Lee Xin En, 21, is currently on an exchange programme at Thammasat University in Bangkok. She is a South-east Asian Studies major at the National University of Singapore.

 

 

 

 

Establish more museums instead

 

IT IS impractical to try and conserve all of Singapore’s historical landmarks, given our land constraints.

 

Why not have more museums instead?

 

Museums take up less space, but still preserve our heritage.

 

Furthermore, they are tourist attractions and very educational.

 

This idea has been employed by Japan’s Edo-Tokyo Open Air Architectural Museum and California’s Heritage Square Museum, both of which showcase historic buildings.

 

Why not Singapore too?

 

Admittedly, the experience of visiting a landmark first-hand cannot be replaced. But given Singapore’s constraints, museums may be a more viable option.

 

 

Anna Wong, 22, is a third-year psychology student at the National University of Singapore.

 

 

 

 

Put old landmarks to good use

 

RECENTLY, I was miffed to discover the fates of two of my former schools – Serangoon Garden South (SGSS) and Westlake Secondary.

 

The former was bought over by the French school, while the latter remains vacant.

 

Established in the 1940s, SGSS was situated in two estates. Exit through the main gates and you entered a pleasant ‘village’ of houses, five-foot walkways and cobblestone roads. Go through the back and you reached typical heartland with good food and ambience.

 

Though saddened by their disappearance, I am happy that one of them was revived by the French school.

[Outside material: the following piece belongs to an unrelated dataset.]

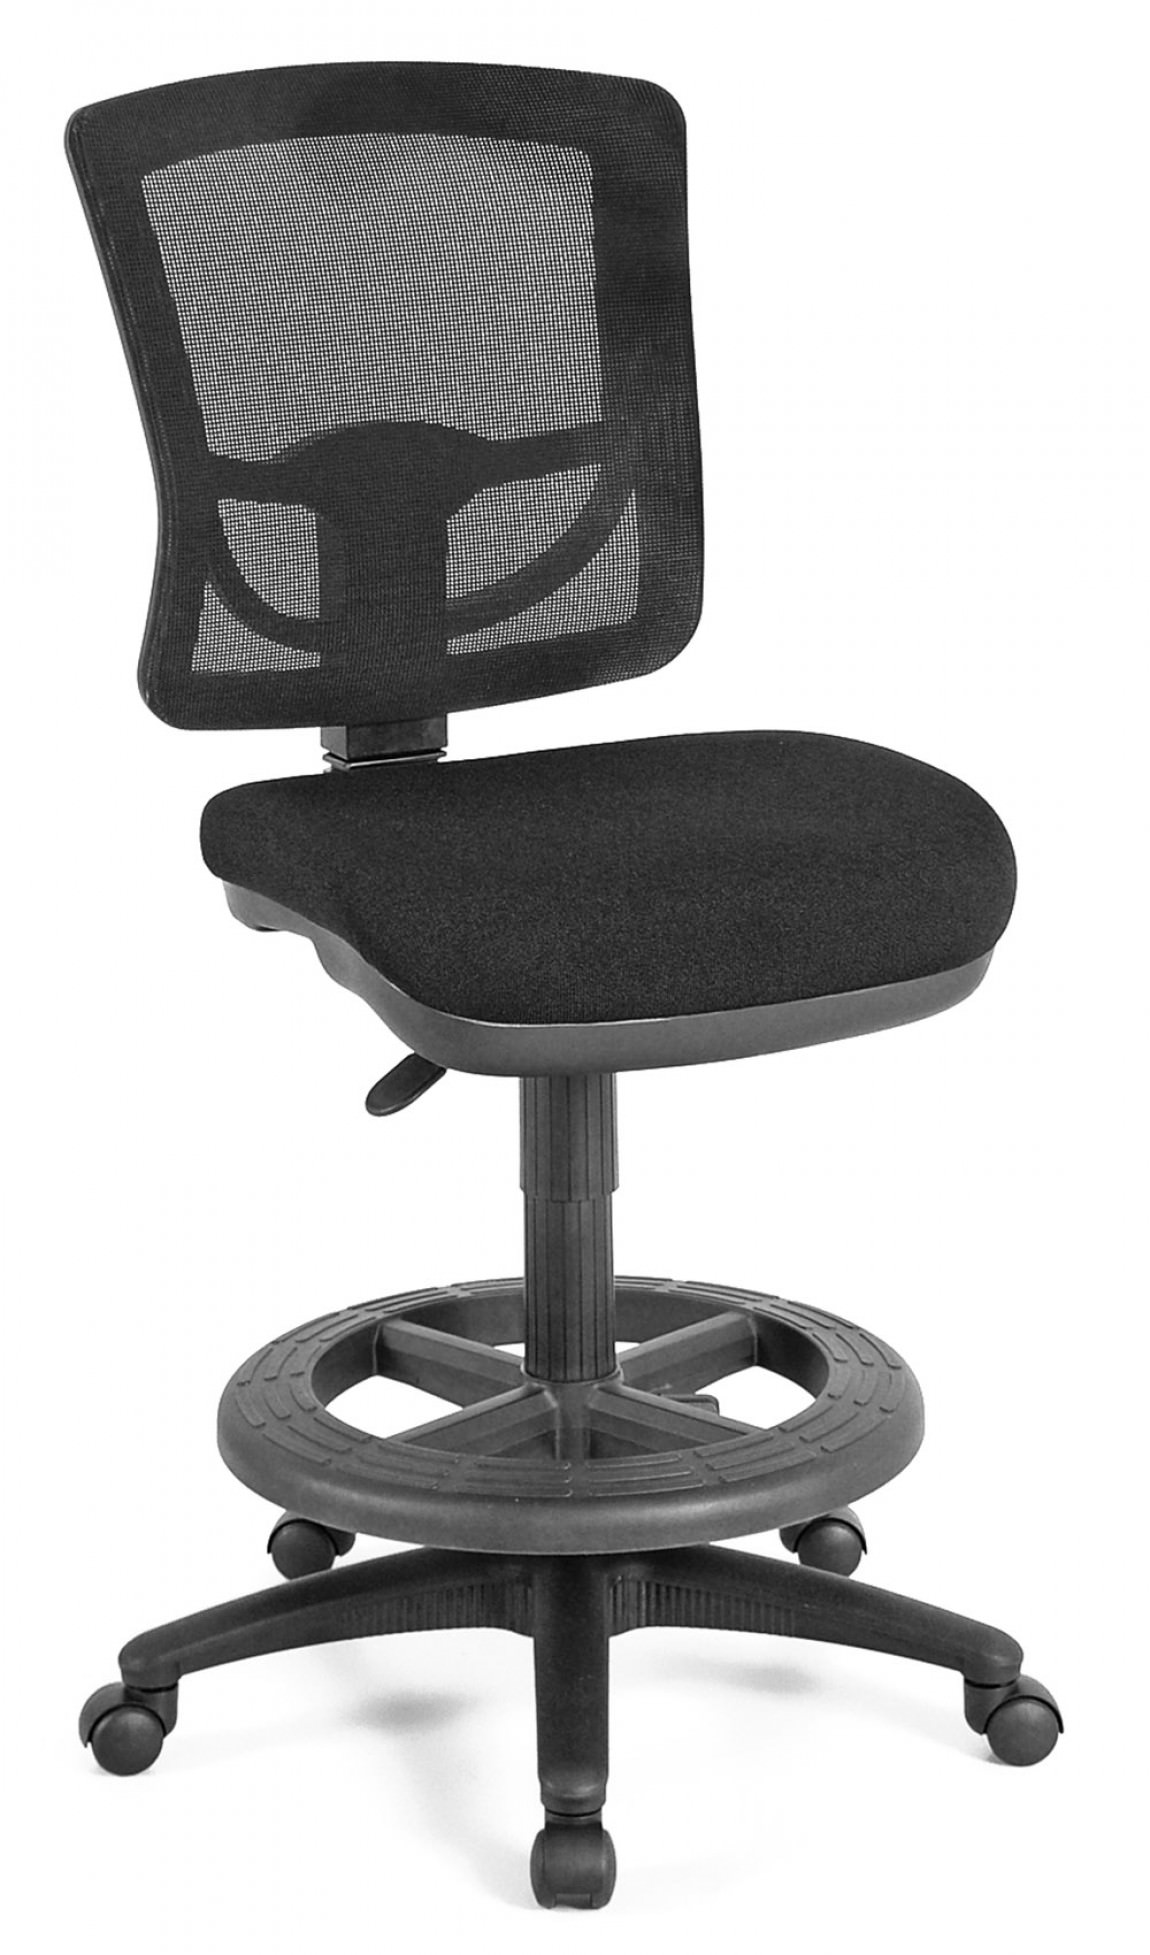 Mesh Back Stool Chair without arms

It is a chance for new experiences to be forged.

 

Another example of this is the Bencoolen area, which used to be filled with older folk visiting the temple there. Now, it has been given new life with arts and business students who have formed new attachments to old surroundings.

 

What makes a place more meaningful is what you do with it.

 

Aisha Mostafa, 22, is an art honours graduate from the University of Huddersfield.

 

Reminders of a city’s spirit and longevity

 

GREAT cities are not just fleeting centres of commerce sprouting one gleaming tower after another. They are built on the backs of fierce grit and tenacity.

 

Old buildings represent that resilience. These buildings should be preserved where possible, as they are a mirror into a city’s soul, echoing its past, good and bad times, reminding its inhabitants that their city is eternal.

 

 

Eef Gerard Van Emmerik, 19, has a place to read Law in Singapore Management University.